Description of the task
Begin at the line holding "archicostudio_ren-kn16_kitchen" and set down exactly each line through the last one below, omitting pictures. Include nothing else.

Material for the task
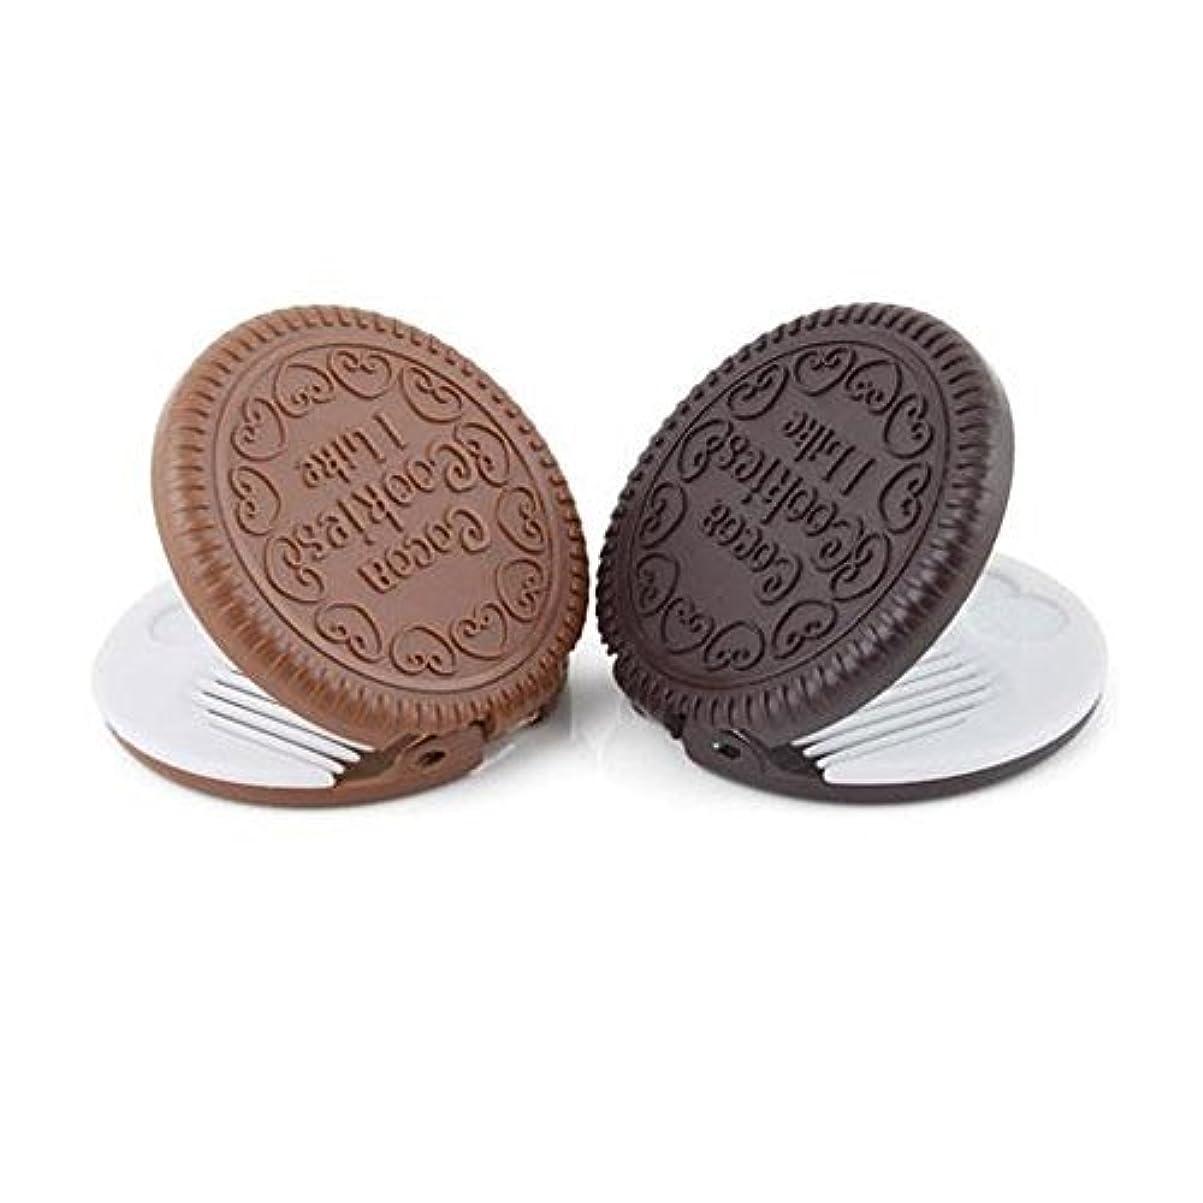 険しい主張コンチネンタルyueton Pack of 2 Mini Pocket Chocolate Cookie Compact Mirror with Comb [並行輸入品]
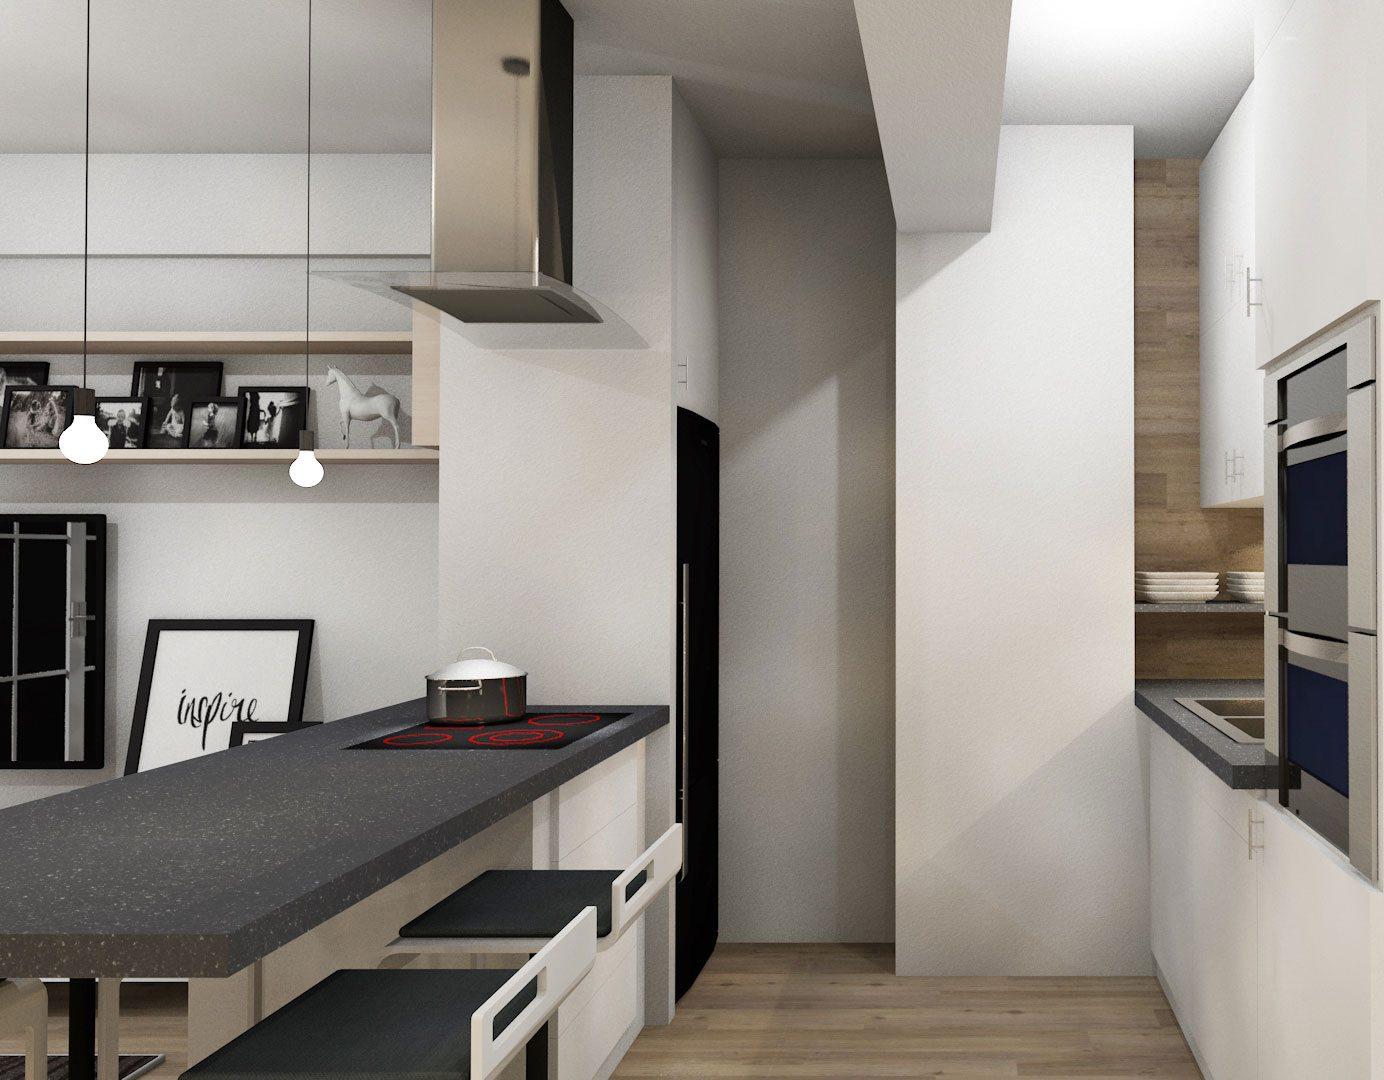 archicostudio_ren-kn16_kitchen
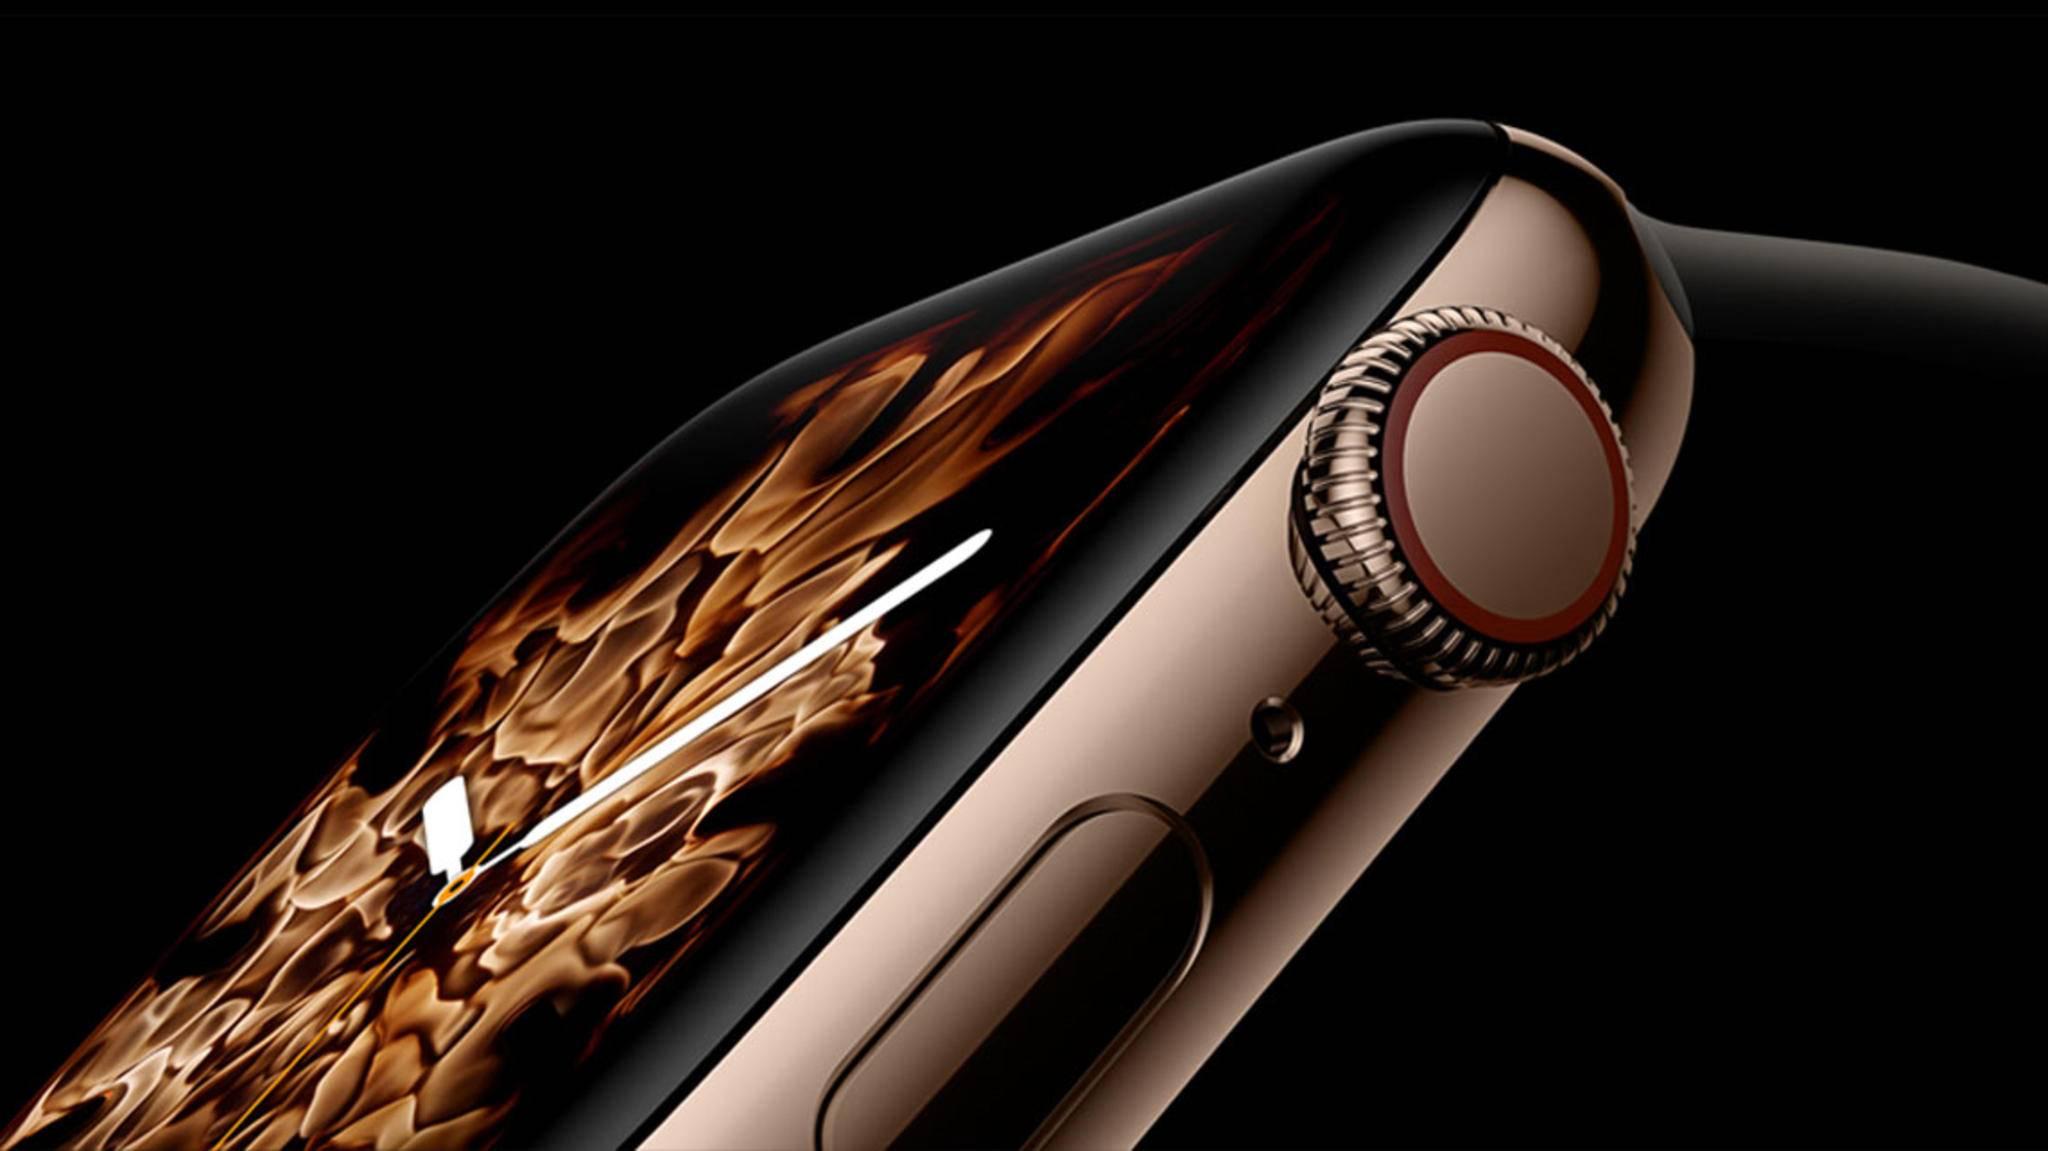 Die Digital Crown verfügt über haptisches Feedback – nur einer von vielen Punkten, in denen sich die neue Apple Watch von der Vorgängerversion unterscheidet.
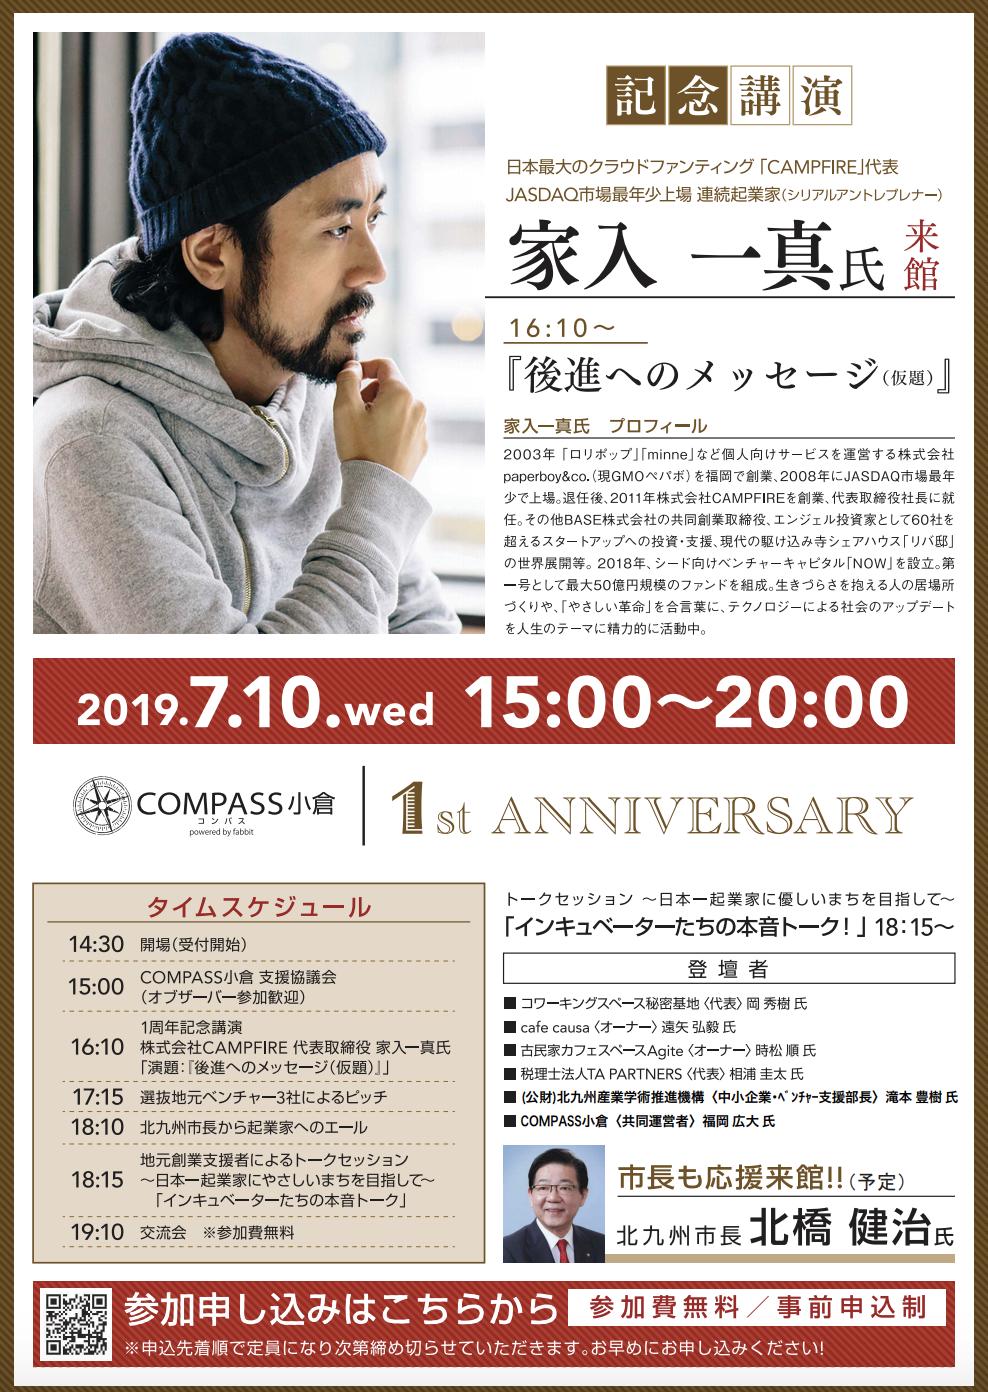 COMPASS小倉リニューアル1周年記念イベントメイン画像
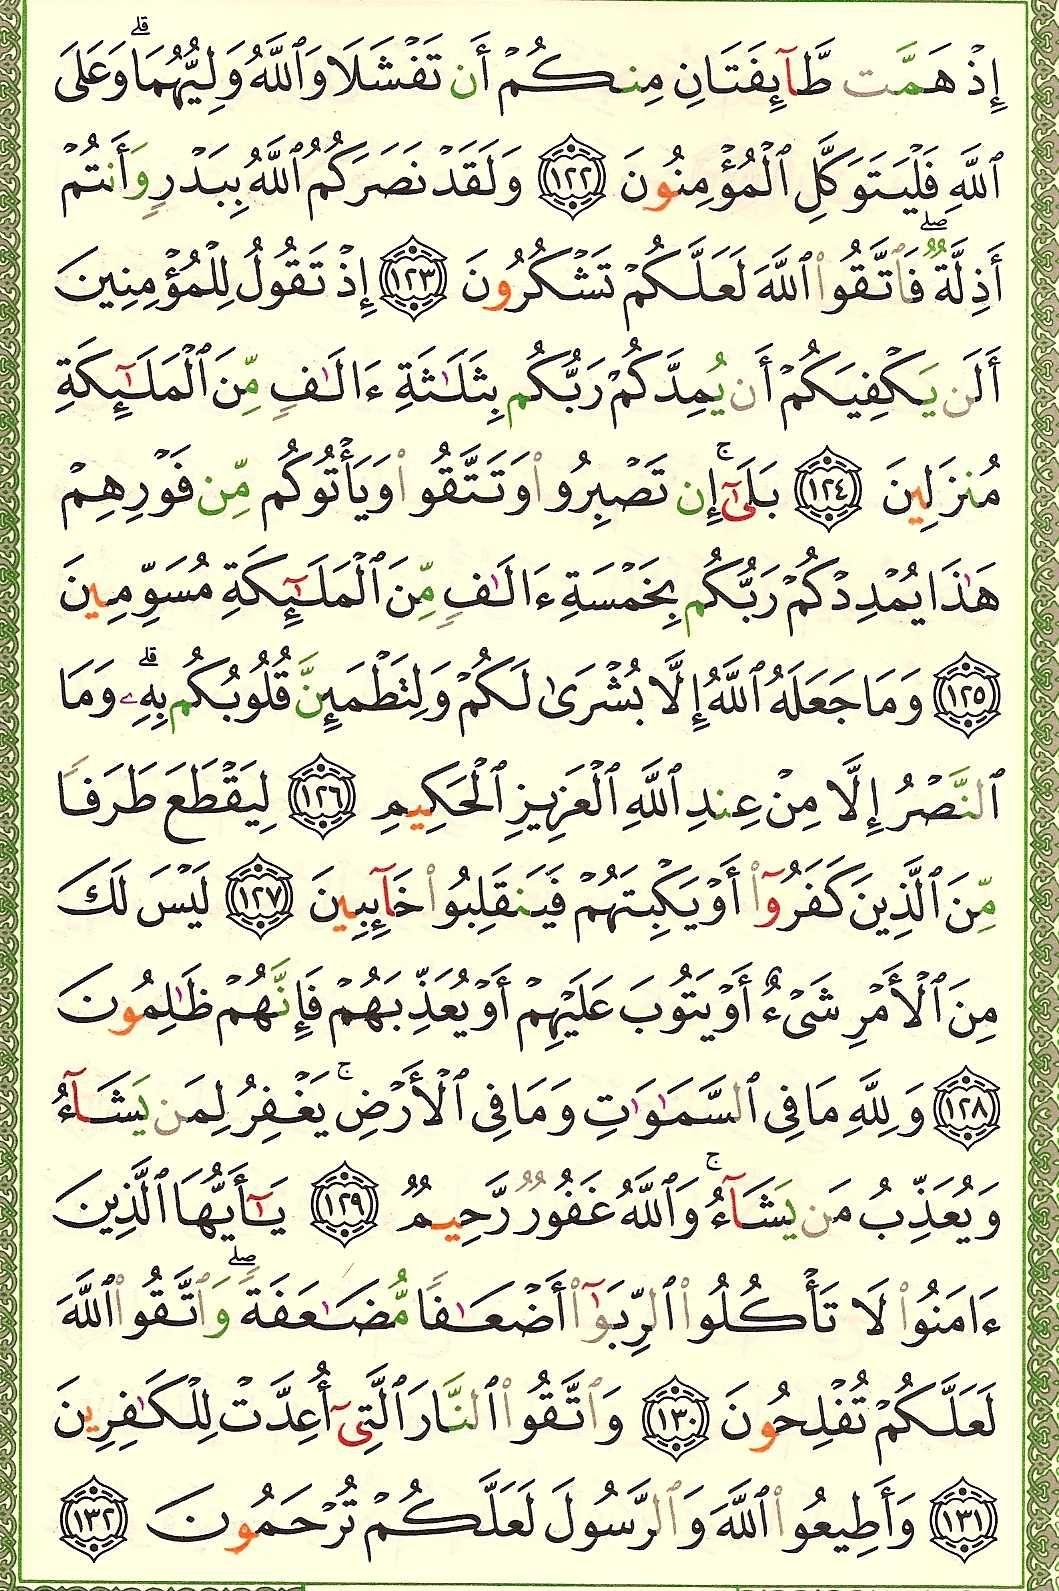 3. سورة آل عمران - Al-Imran مصورة من المصحف الشريف 066

Written solution
 archicostudio_ren-kn16_kitchen
 Die Digital Crown verfügt über haptisches Feedback – nur einer von vielen Punkten, in denen sich die neue Apple Watch von der Vorgängerversion unterscheidet.
 COMPASS小倉リニューアル1周年記念イベントメイン画像
 3. سورة آل عمران - Al-Imran مصورة من المصحف الشريف 066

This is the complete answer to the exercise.